Segment Start: Supplied information
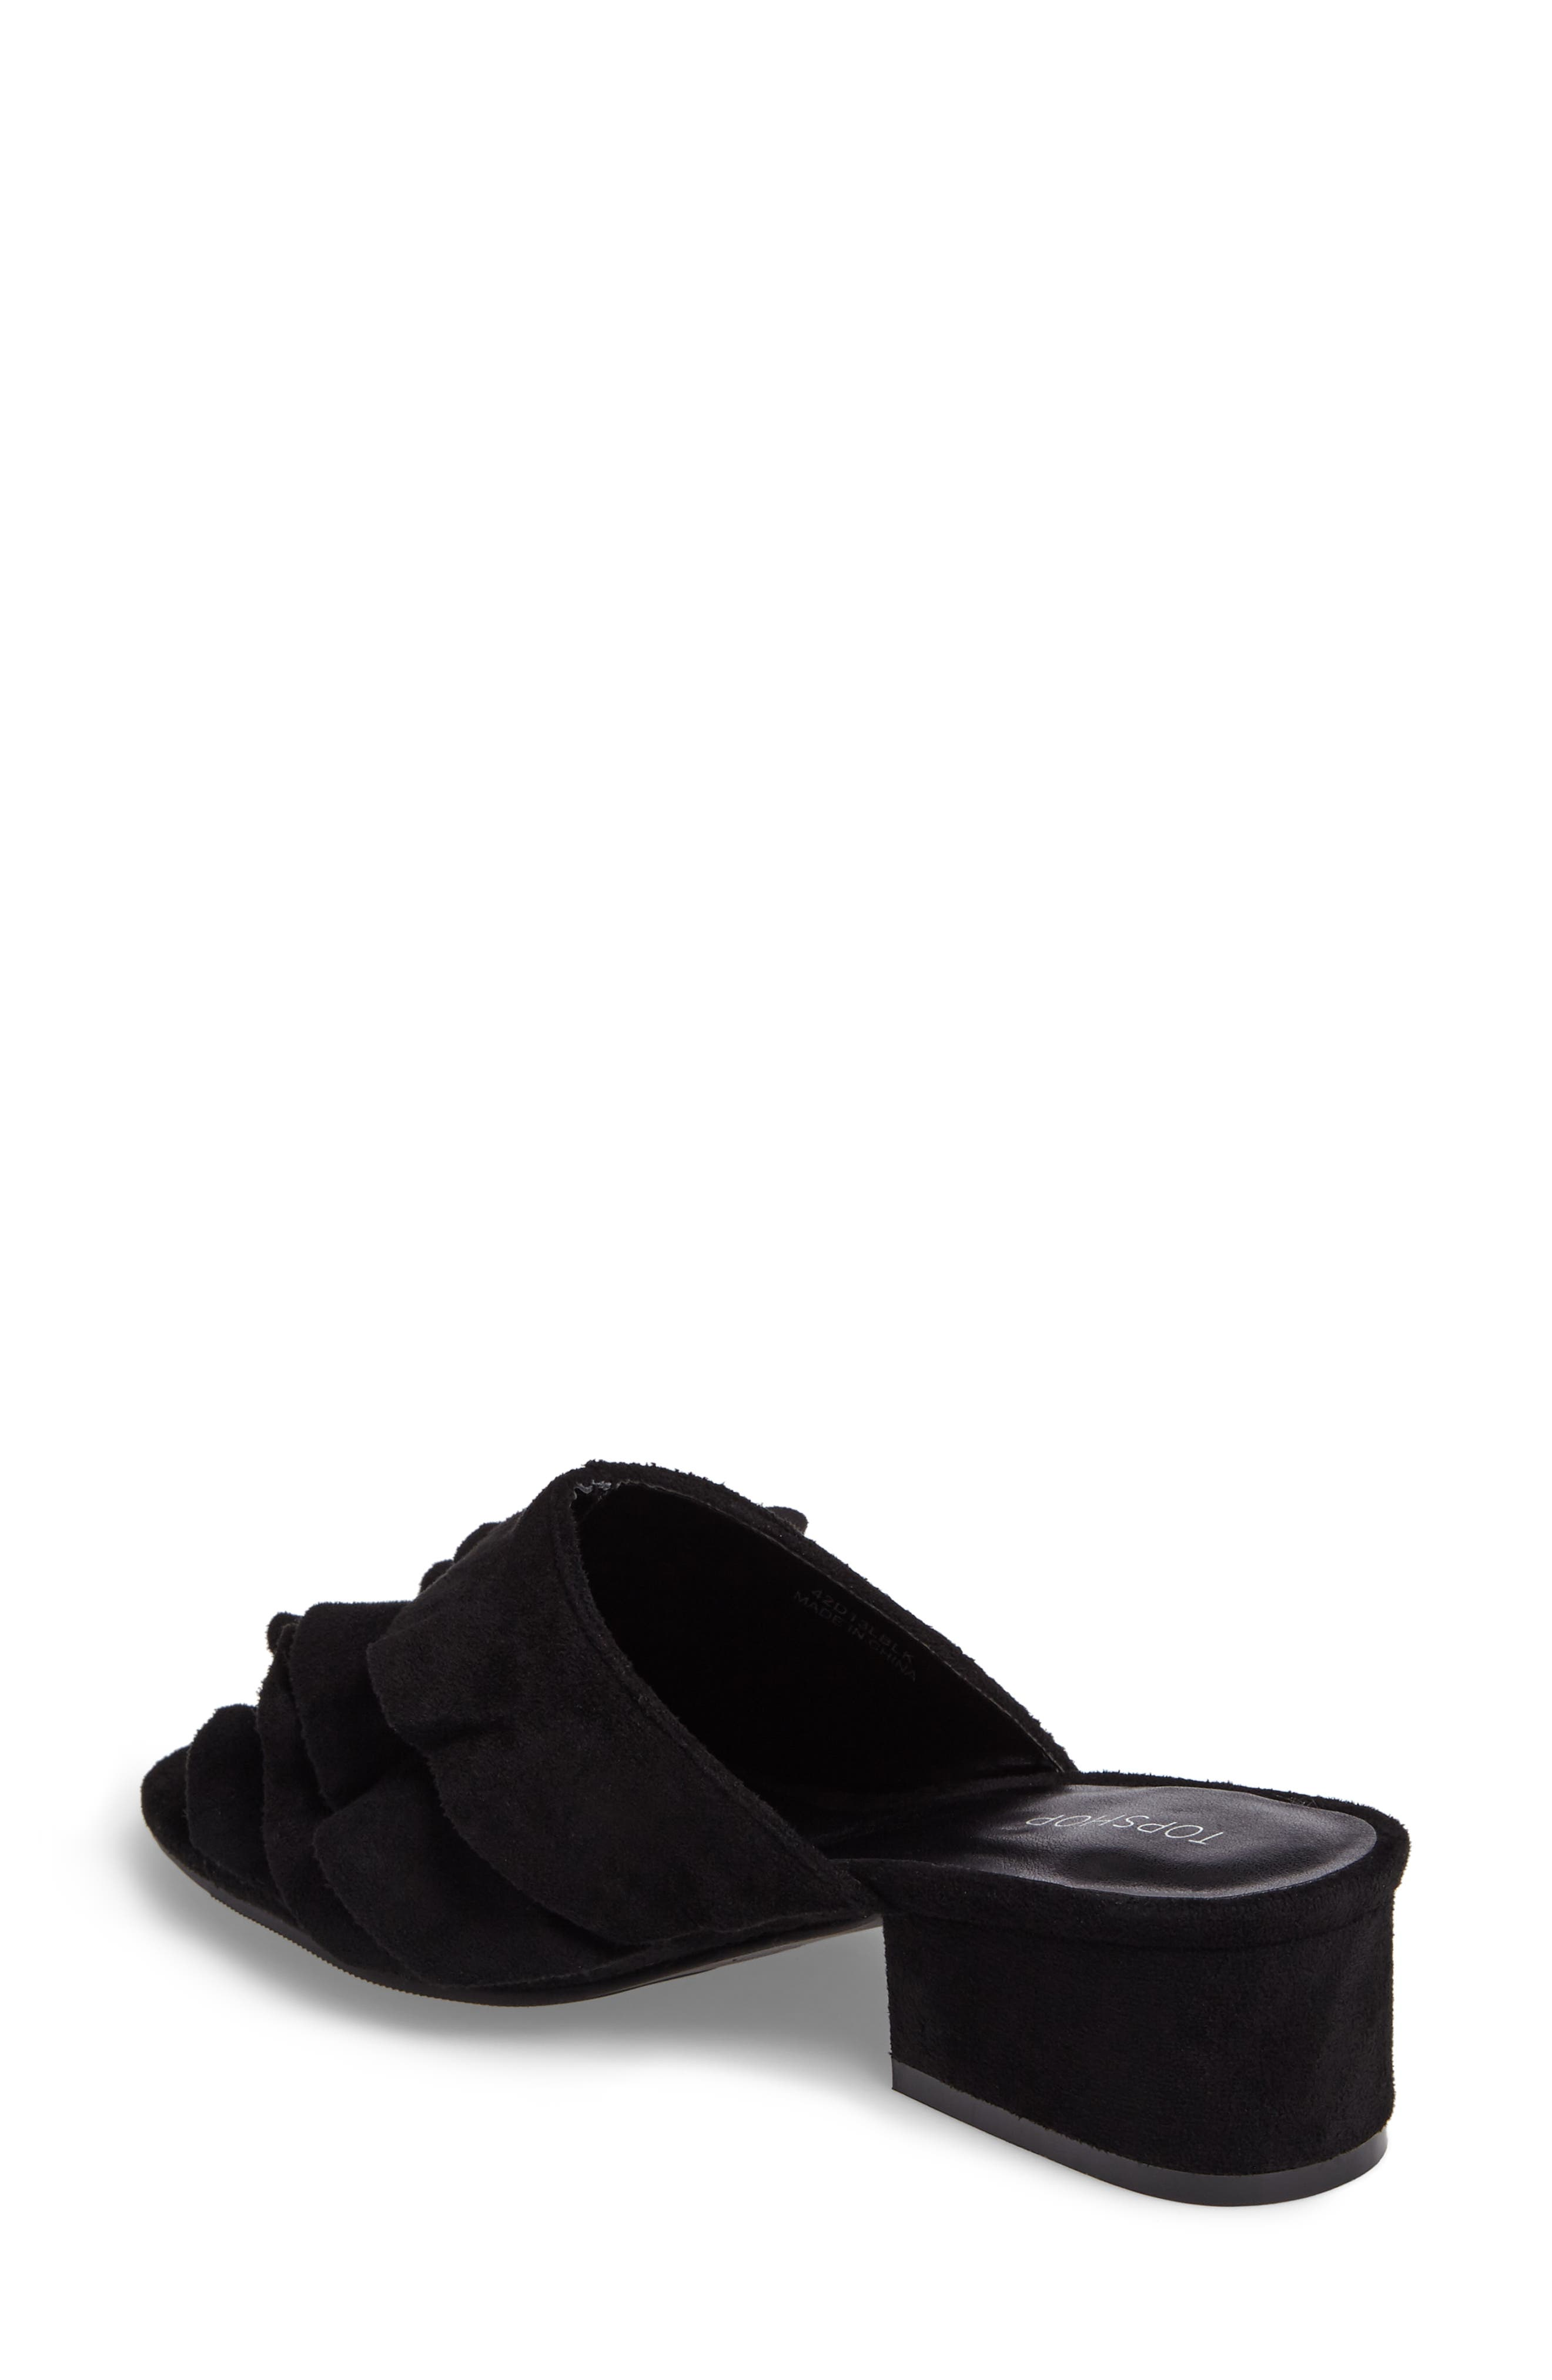 Alternate Image 2  - Topshop Darcy Ruffle Slide Sandal (Women)
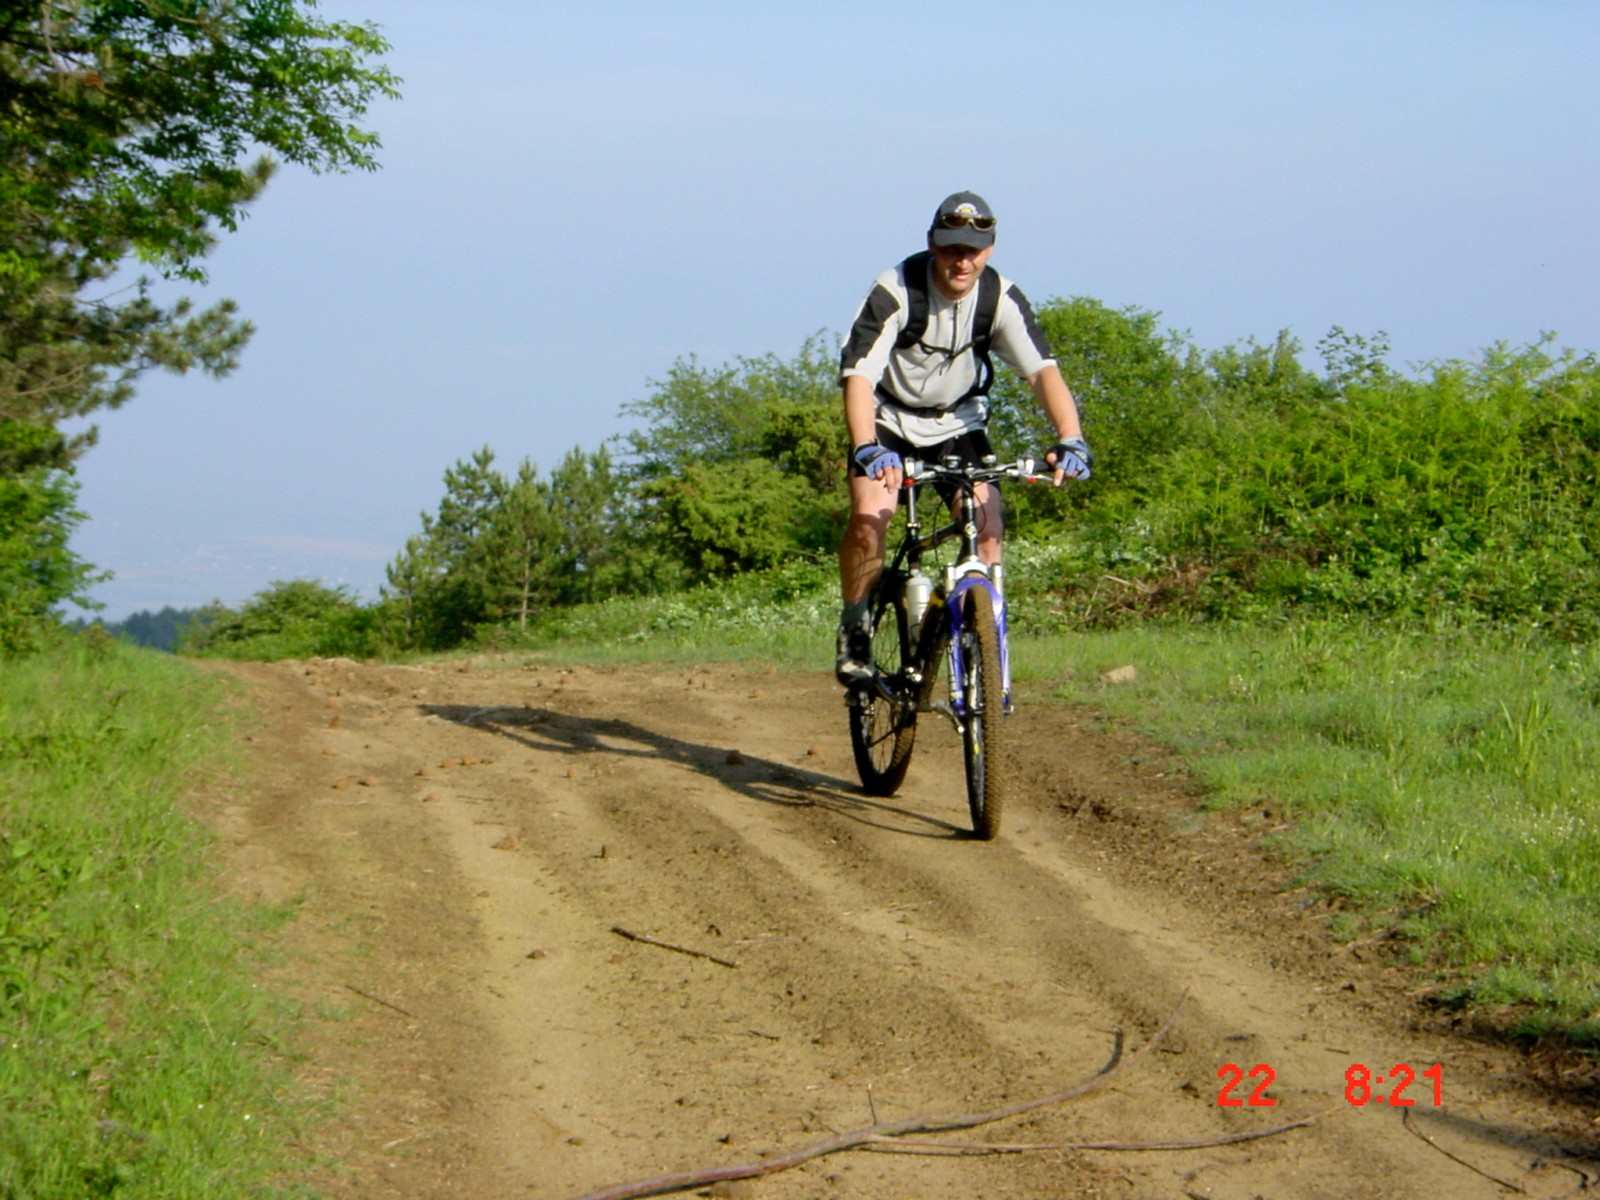 Foto: Manfred Karl / Mountainbike Tour / Monte Castel Giudeo, 1037 m / 20.06.2007 06:30:02
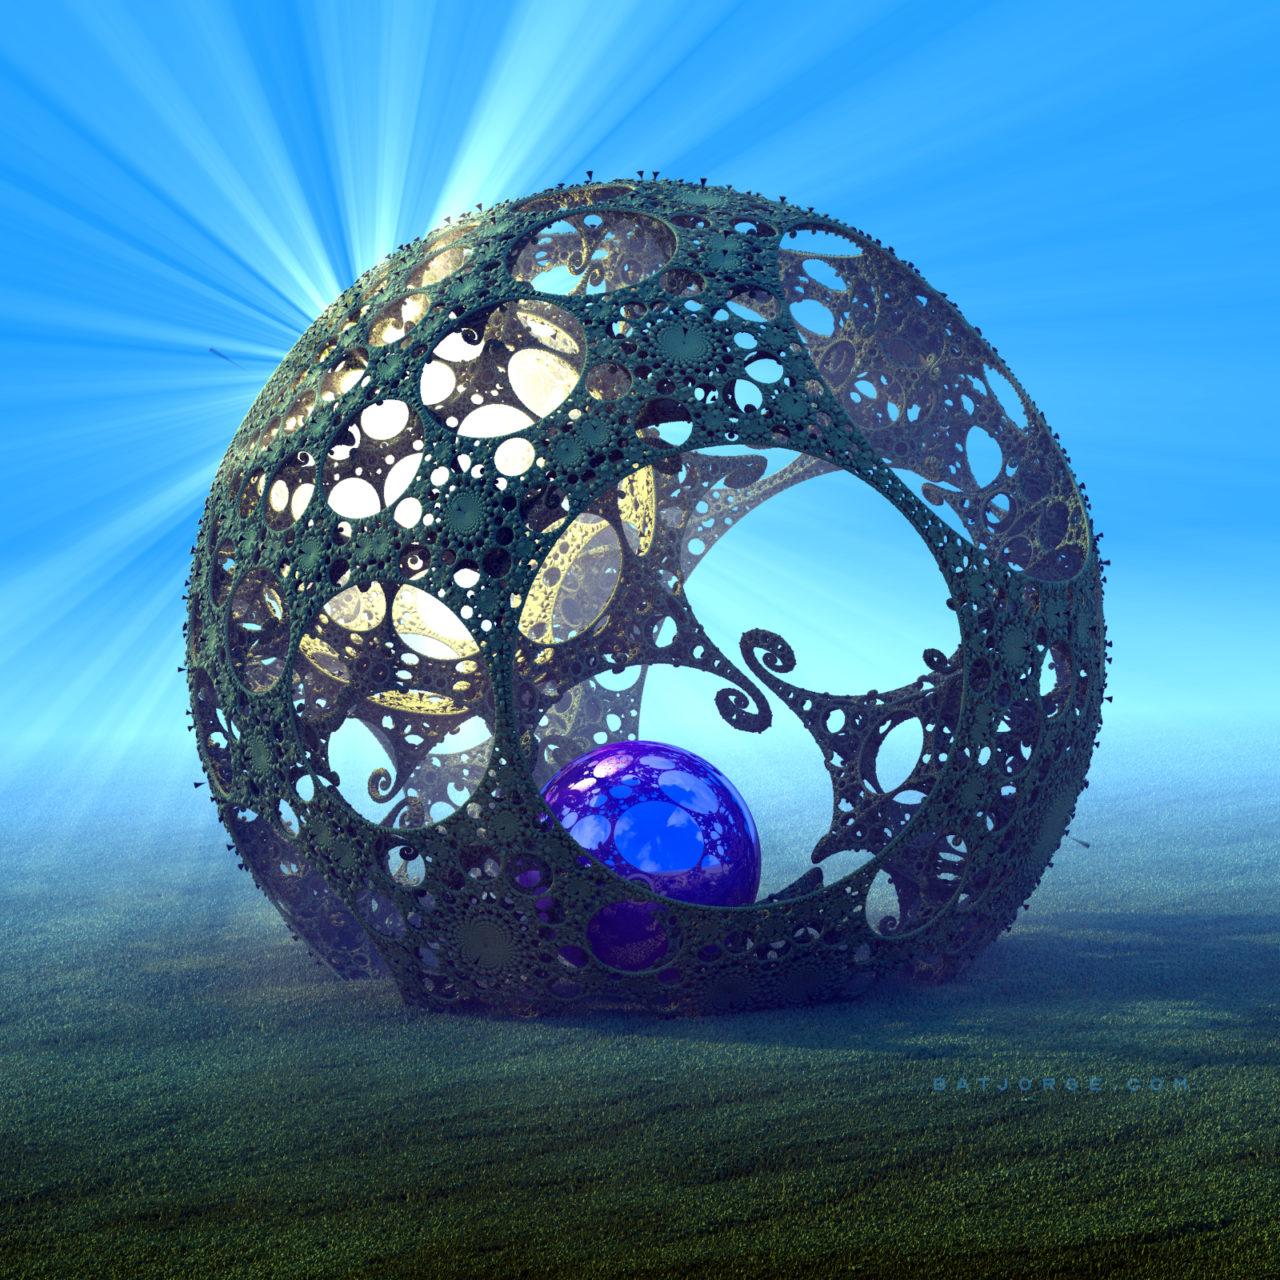 3d fractal. kleinian. mandelbulb3d
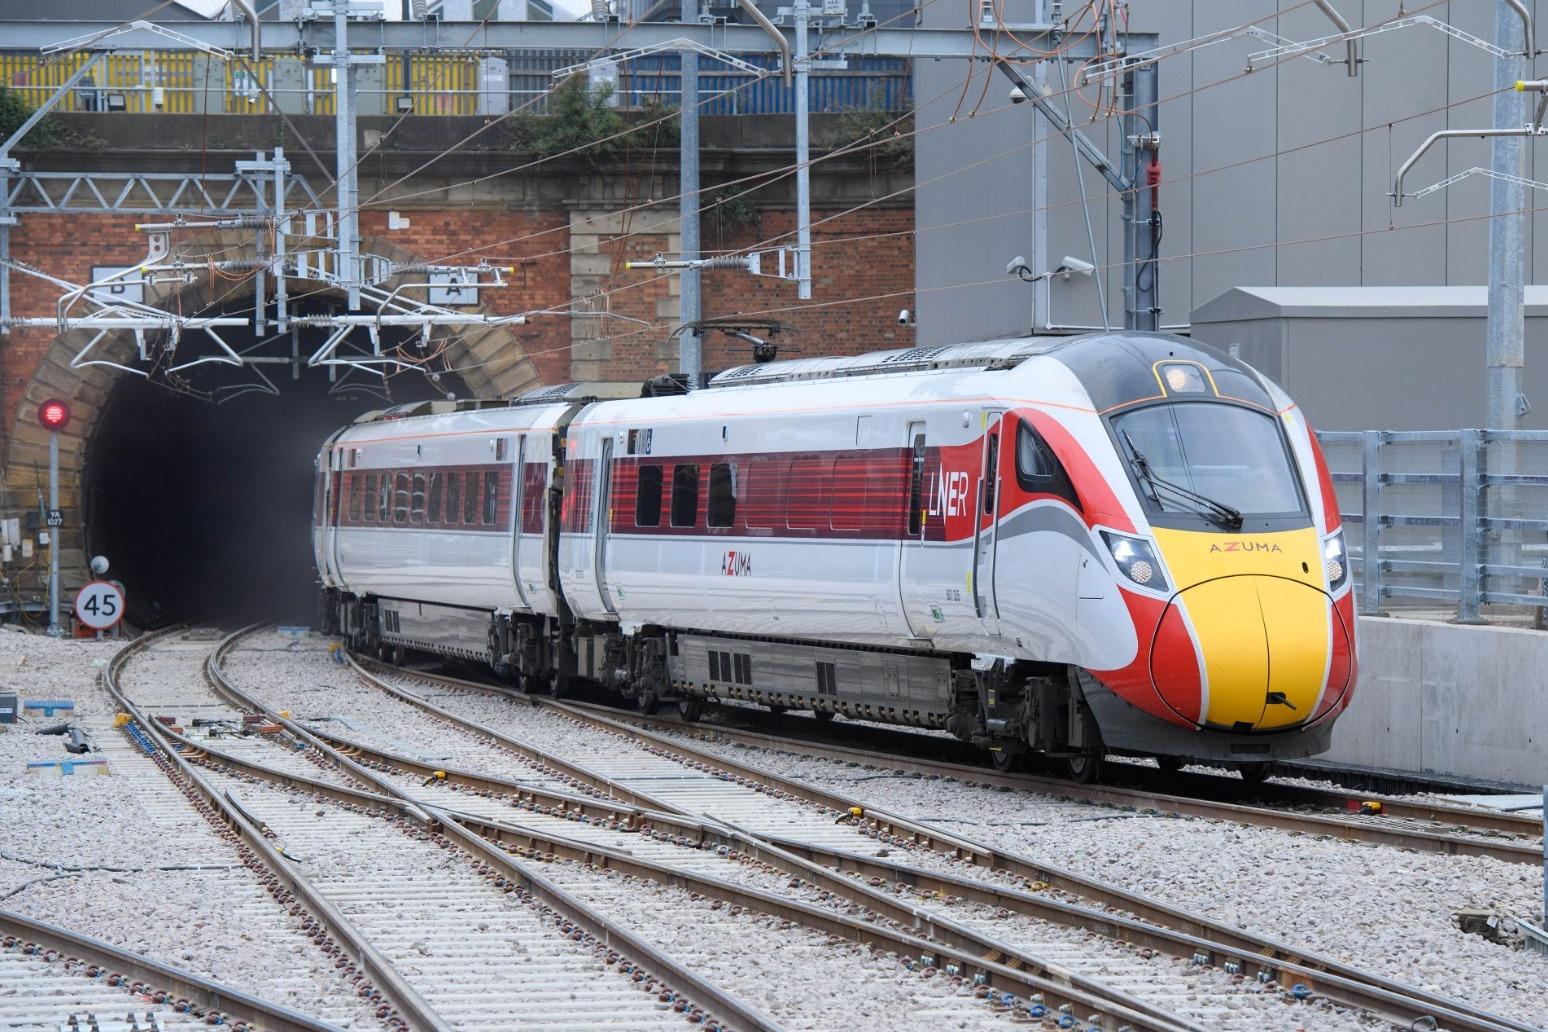 Railway services disrupted as high-speed trains undergo 'precautionary checks'
Segment End: Supplied information
## Task goal
Your task is to reproduce exactly the lines from the one that holds "3d fractal. kleinian. mandelbulb3d" to the last line of the listing, and only those, omitting the pictures.

## Output
 3d fractal. kleinian. mandelbulb3d
 Railway services disrupted as high-speed trains undergo 'precautionary checks'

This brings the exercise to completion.